Descriptive statistics were computed for individual and regional variables. Multilevel models were used to model the relationship between reporting poor health (bad/very bad health) and individual and regional characteristics. Multilevel methods, developed for use with nested data structures, are found in many areas of research that investigate contextual level effects [41,42]. We used two-level multilevel models where the individual level was level 1 and regional level was level 2. We did not introduce the household level in the models because the majority of respondents (72%) lived in households with 2 or fewer respondents. Given that the outcome variable (reporting poor health) is categorical, we estimated a multilevel logistic regression with Stata software . We report odds ratios with their 95% confidence interval. The odds ratios for categorical variables (coded zero and one) represent the odds of being in poor health for the exposure (one) category divided by the odds of being in poor health for the referent (zero) category. For continuous variables, the odds ratios represent the odds of reporting poor health for a one-unit increase in the continuous variable. In our analysis, we rescaled regional level scales, the share of private healthcare expenditures, and obesity rates so that the odds ratios represent the odds of reporting poor health for a 10-unit increase. Regional level variance and the inter-correlation coefficient (ICC), representing the percentage of total variance in poor health attributable to regional level variance, are also reported.
Mediation was tested using the causal step approach which specifies a series of tests in a causal chain. The causal step approach to test if Z mediated the effect of X on Y consists of (1) regressing X on Y and (2) regressing Z and X on Y. If two conditions are met (the coefficient of X on Y in (1) is significant, the coefficient of Z on Y in (2) is significant while the coefficient of X on Y in (2) is not significant), Z is said to mediate the effect of X on Y [44,45]. A more stringent test, proposed by Judd and Kenny, adds a third regression, (3) regress Z on X, and requires the coefficient of Z on X in (3) to be significant [46,47]. Such mediation tests, when used with observational data, demonstrate that the causal processes hypothesized in the model are consistent with the data but do not prove causality.
Table Table11 describes the individual level sociodemographic characteristics of the sample. The 7% prevalence of poor health in this Italian sample is consistent with Carrieri  and van Doorslaer & Jones  who used Bank of Italy data (2004) and the European Community Household Panel (1996) respectively, but were lower than the prevalence reported in the Italian Health Interview Survey [6,38]. The characteristics of the 20 Italian regions are described in Table Table2.2. Most regional measures vary varied greatly between regions, in particular, socioeconomic measures such as poverty rates that range from 4% to 27% and unemployment rates that range from 2% to 23%.
Estimates for the multilevel logit regressions are reported in Table Table3.3. Model 1 includes only individual level factors (age, gender, marital status, education, employment status). Individual determinants of self-rated health were consistent with those in the other studies of self-rated health in Italy and elsewhere: health decreased with age and increased with education; non married individuals reported worse health than married individuals; and those who were working, either as employee or self-employed, reported better health than those who were not working [8,35,36,38,49].

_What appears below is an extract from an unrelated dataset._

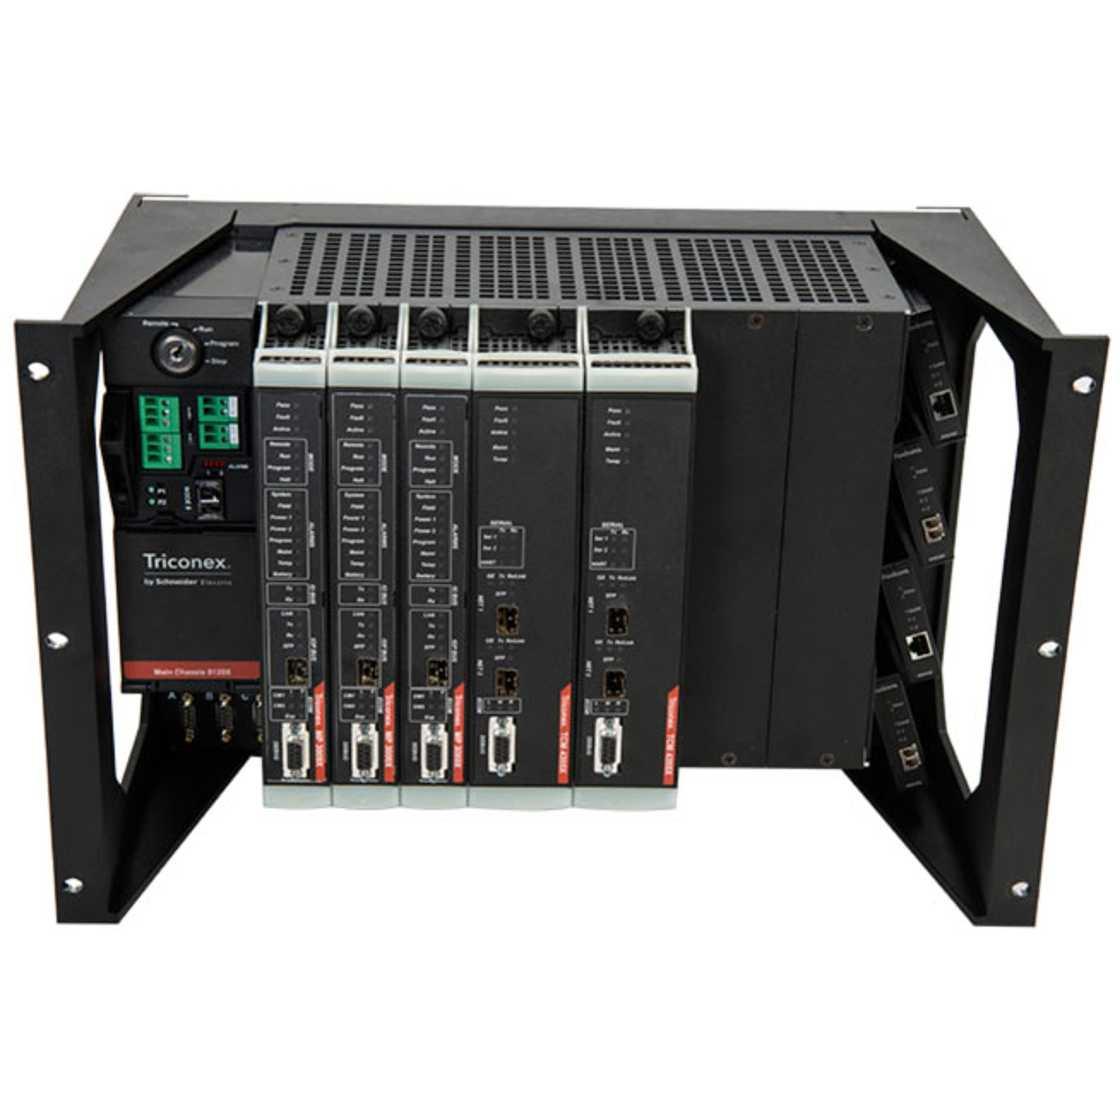 英维思TRICONEX 3009 控制处理器模块全新现货质量保障原装正品出售欢迎询价议价

Model 2 adds the index for socioeconomic disadvantage at the regional level. Living in a region with a standard deviation higher socioeconomic disadvantage increased the odds of reporting poor health by 21%. Similar results are obtained by estimating the model with each indicator of regional socioeconomic disadvantage separately. A 10% increase in poverty rate increased the odds of reporting poor health by 19% (OR 1.19, 95% CI: 1.05, 1.35), a 10% increase in unemployment rate increased the odds of reporting poor health by 32% (OR 1.32, 95% CI: 1.17, 1.49), and a 0.10 increase in income inequality as measured by the Gini coefficient increased the odds of reporting poor health by 70% (OR 1.70, 95% CI: 1.14, 2.53).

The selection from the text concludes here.